Now, we’re talking about the RTX 4060 most likely going back to 8GB, but that sucks. There are many games currently using more than his 8GB of VRAM, and that number will only increase over the next two years. But with GDDR6 and GDDR6X reaching memory capacities of 2GB per 32-bit channel, Nvidia doesn’t have many other options.
There’s the potential to run a “clamshell” mode with two memory chips per channel (one on each side of the PCB), which is rather cumbersome and something you wouldn’t expect from a mainstream GPU. This allows for up to 16GB of VRAM with a 128-bit interface, which is also strange because higher tier parts like the 4070 Ti only have 12GB. Still sounds better than his RTX 4060 8GB model to me!
What about the RTX 4050? Perhaps Nvidia will stick with his 128-bit interface on his AD106 GPU and skip using his AD107 on desktop parts. This is basically what happened with the GA107, which was used almost exclusively for the laptop RTX 3050. For desktops, there is only a maximum of 6GB of VRAM, but clamshell VRAM is potentially out.
Memory capacity is not the only concern. In our review of the RTX 4070 Ti, we said the performance wasn’t bad, but it wasn’t amazing either. This is basically he cheaper than the RTX 3090 with half the VRAM and less power. The 4070 Ti features 60 streaming multiprocessors (SMs) and 7680 of his CUDA cores (GPU shaders), slightly more than the RTX 3070 Ti.
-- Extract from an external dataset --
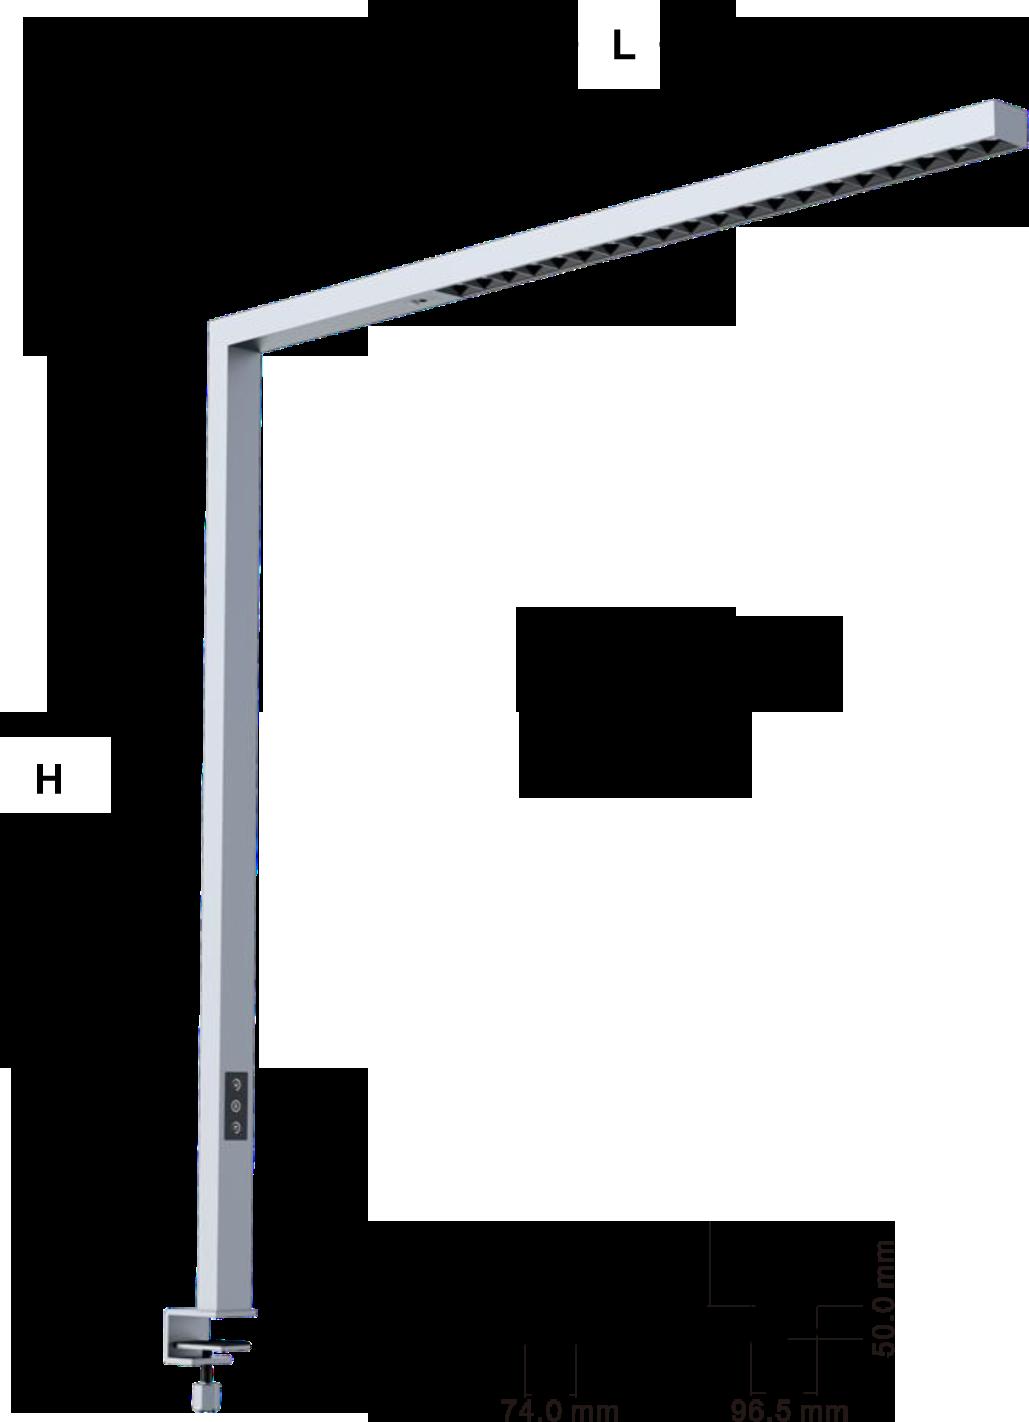 LEDAXO LED-Arbeitsplatzleuchte AL-08 Abmessungen

But the AD106 could top out at just 40 SMs, or even 36 SMs, putting it in similar territory to the RTX 3060 Ti in core count, leaving only the GPU clocks as a performance boost.
Combine two things, the lack of VRAM and the relatively small increase in the number of GPU shaders, and you might see a small performance improvement compared to previous Ampere generation GPUs.
Nvidia then announces performance improvements for DLSS 3, but this only applies to a subset of games, doesn’t provide a true performance boost, and things start to get worse. One of the benefits of having a GPU is that most games can still run 60 fps after years, even when the games get more demanding.But what if they are not genuine article frame rate?
Let’s assume a game that runs at 120 fps with DLSS 3’s frame generation technology and has a base performance of 70 fps. All is well for now, but as the game becomes more demanding, the base performance will drop below 40 fps and eventually drop below 30 fps. Frame generation with a base frame rate below 30 fps feels like 30 fps or less, even when you’re getting updates.
The same logic applies to higher frame rates, so DLSS 3 at 120 fps on a 70 fps base feels like 70 fps, even though it looks a little smoother to the eye. I cannot tell the difference between an input rate of 70 samples per second and an input rate of 120 samples per second. But when you hit 40 and under, even if you’re not a pro gamer, you start to feel the difference.
To put it more bluntly, DLSS 3 and frame generation are not a panacea. They can help smooth out the visuals and improve the feel of the game a bit, but especially when performance is below 60 fps, the benefits aren’t as noticeable as the actual fully rendered frame with new user input taken into account. .
I’m not saying it’s a bad technique — it’s actually very clever — and we don’t care that it exists. But Nvidia needs to stop comparing DLSS 3 scores to his non-DLSS 3 results and acting like they are the same thing. Adding 10-20% to the base framerate before frame generation is what the game feels like instead of the 60-100% higher fps the benchmark shows.
Coming back to the topic at hand, the future mainstream and budget RTX 40-series GPUs will definitely beat out existing models in pure performance and also offer DLSS 3 support. Hopefully Nvidia will return to prices closer to the previous generation.